Improve Observability of Environments in Curriculum

## Summary
Implement a comprehensive monitoring system that continuously tracks the status and performance of each environment in the RL curriculum, with automated warnings for unexpected behavior patterns such as performance regression in graduated environments.

## Background
The current curriculum system in Marin tracks environments through different states (locked → unlocked → graduated) and monitors performance during active training. However, once an environment graduates, there's limited visibility into its ongoing performance.
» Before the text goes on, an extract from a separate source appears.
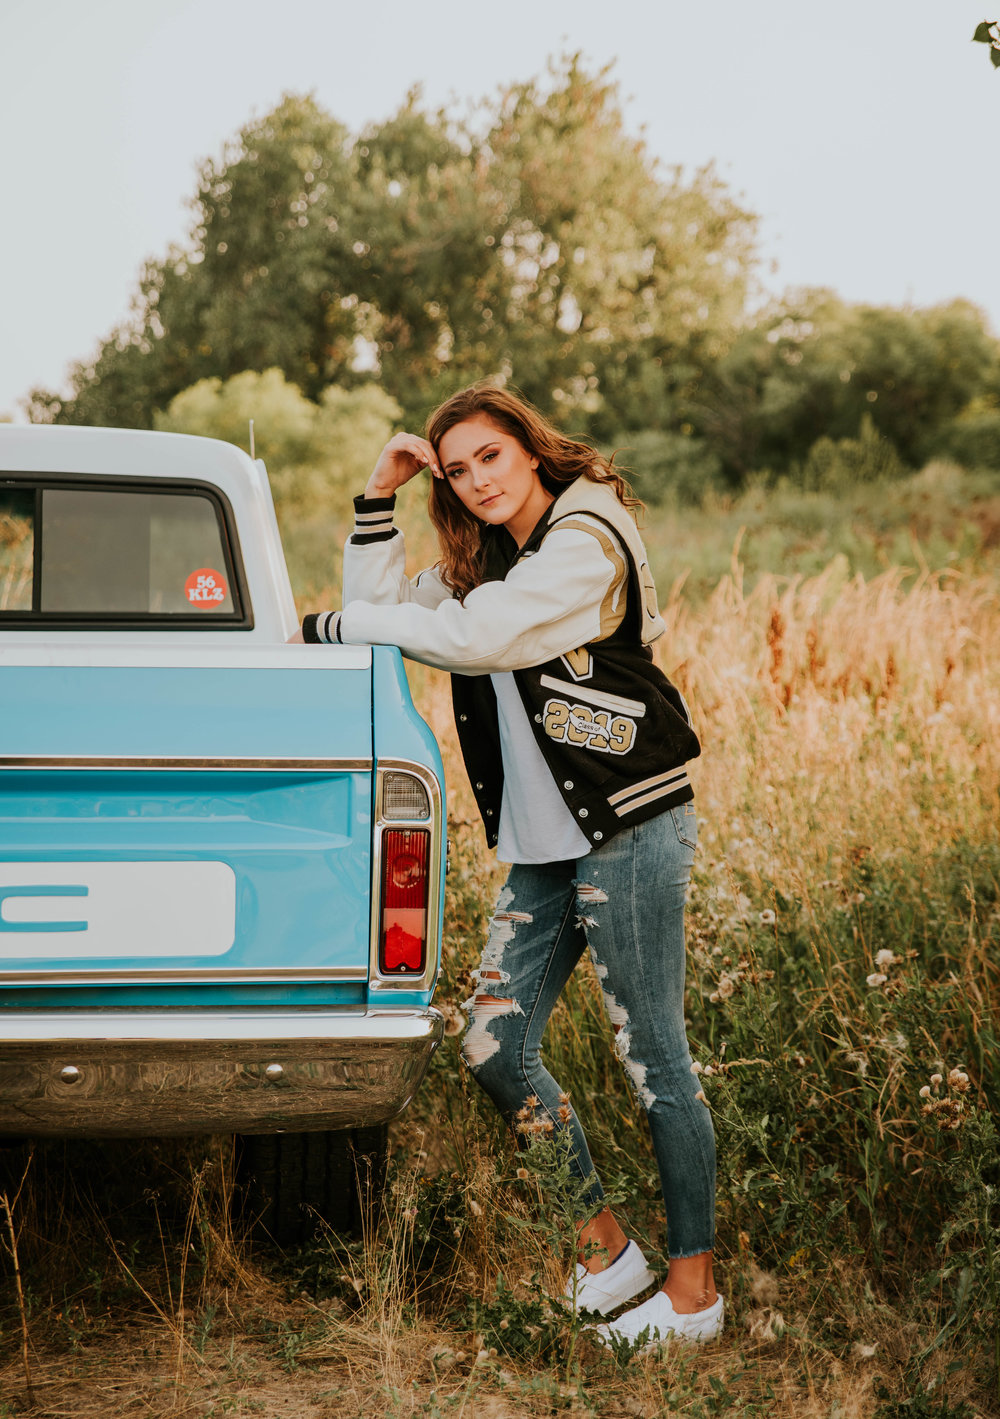 Miss. Miller's Photography | Colorado Senior Photographer | Senior Photos with Truck | Girls Senior Photos 2018 | Modern Senior Photos | Candid senior poses | senior photos with cars | gmc truck | senior photo poses | senior photo ideas girls | summer senior photos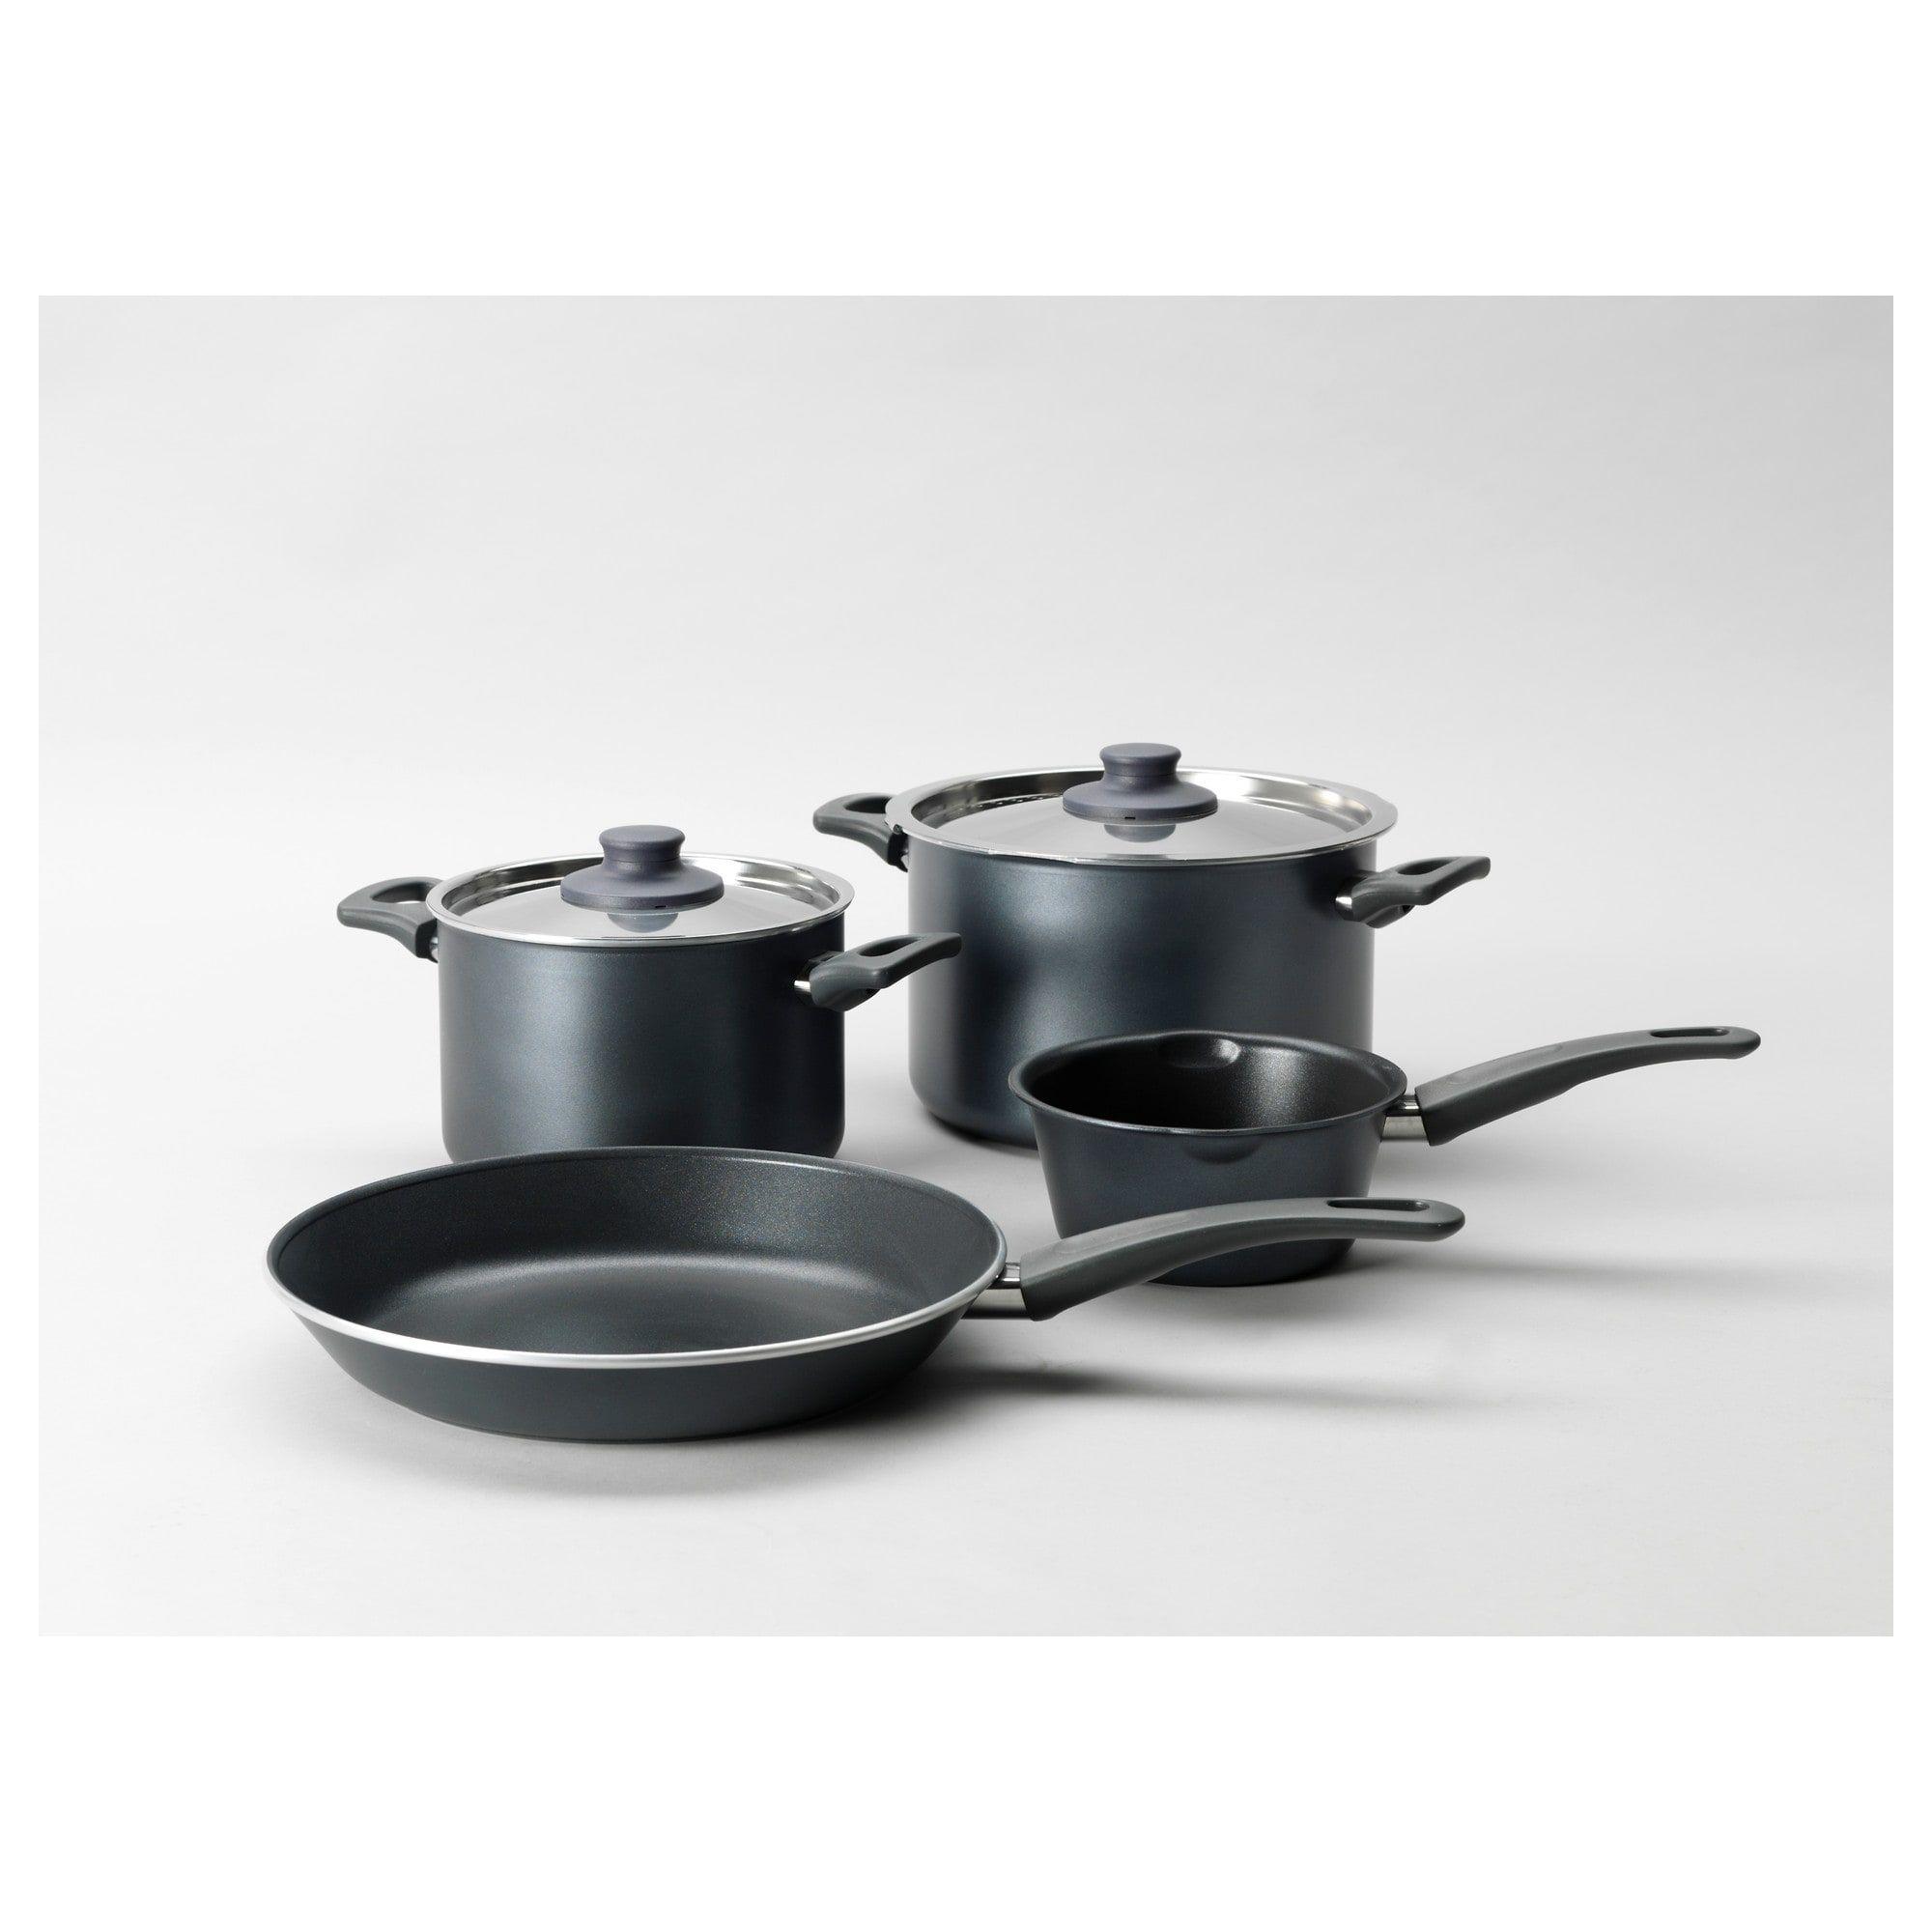 SkÄnka 6 Piece Cookware Set Gray Products In 2019

This can lead to silent regressions where a previously mastered environment deteriorates without notice.

## Problem Statement
1. **Limited Post-Graduation Visibility**: Once an environment graduates (reaches `stop_threshold` and plateaus), we stop actively monitoring its performance
2. **No Regression Detection**: If a graduated environment's performance degrades during subsequent training, this goes unnoticed
3. **Lack of Holistic View**: No centralized view of curriculum health across all environments and their historical performance
4. **Missing Early Warning System**: No proactive alerts for concerning patterns like:
   - Graduated environments showing performance drops
   - Environments stuck in training without progress
   - Unusual performance volatility

## Proposed Solution

### 1. Continuous Performance Tracking
- Track performance metrics for ALL environments (not just active ones) during periodic evaluations
- Store historical performance data with timestamps
- Maintain separate tracking for:
  - Training performance
  - Evaluation performance
  - Time spent in each state (locked/active/graduated)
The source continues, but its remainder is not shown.